A feature I'd like along with this (although I realise this breaks the paradigm of only accepting email you actively want) would be to let unwanted people email me provided they completed a certain amount of mechanical Turk effort up to a suitable standard (ie you'd have a handful of known good values interspersed and see that they gave the expected scores). For some it could be a direct earner of a very modest but for me it would be directly useful for various ML projects.
If you had a really inflated self image, you could have those you really didn't like get a higher target (whether that was communicated would be a interesting point)
It doesn't, however it's less of a security related thing than a sorting filter. I haven't received a spoofed email in a while so the need is not as high.

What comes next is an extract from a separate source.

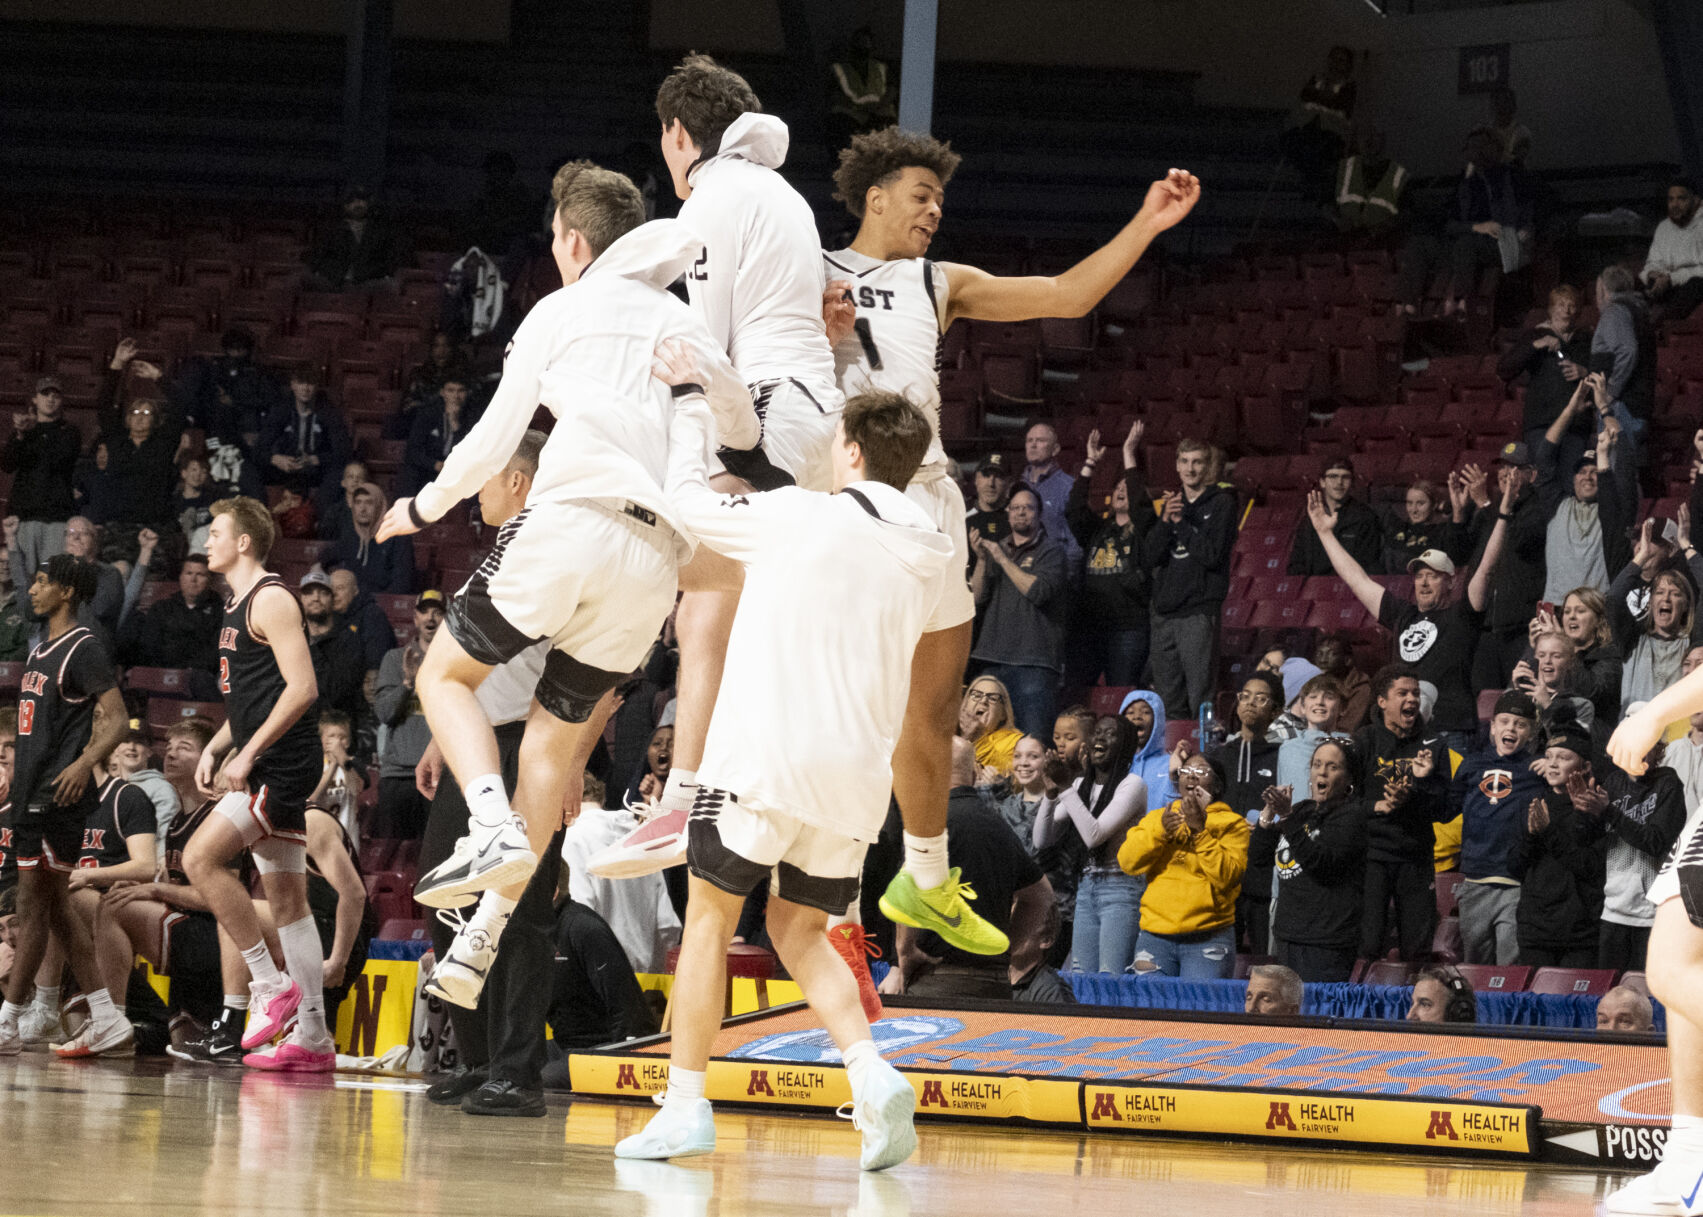 Mankato East stages impressive comeback to win state semifinal in boys basketball

Re: your mechanical turk idea, my email provider actually has something like that: https://documentation.cpanel.net/display/1144Docs/BoxTrapper - however there are so many use-cases where I think this would block some email I actually want (like my kid's school, my MD, ...) that I never dared doing it.
You can't really spoof from addresses anymore. I mean, you can, but no email provider will accept it. See SPF, DKIM, etc. That part of why sorting based on sender is such a good idea.
It reclassifies email afterwards, you just have to move it the same way you would for the original classification.
It also moves all email from that sender that has been classified previously as well ; although it will not move the mail in folders for which you use a "screening folder" (i.e. if you use an intermediary folder used only to tell Screenr where to classify email) by design. The reason is that I wanted to be able to allow a behavior where mail gets classified as a best guess, but you can move email manually if need be. The best example is the "papertrail" folder I'm using: it receives all the order confirmation, invoices and such automatically, but sometimes I'm also putting similar emails my wife is forwarding me ; but I don't want screenr to classify her as papertrail - so I use a "Classify in papertrail" folder which is only used for me to tell the tool where it should land.
As in replicate the behaviour? I think you can get close but setting the filters is cumbersome. Gmail exposes imap i believe, so it should work right out
A few things I've done: use it to ignore my email except for a small number of senders while I'm working, viewing only starred messages the majority of the day, and copying email threads as html documents inside a project folder. There's something nice about being able to look at an "email inbox" that's a plain html page with six messages.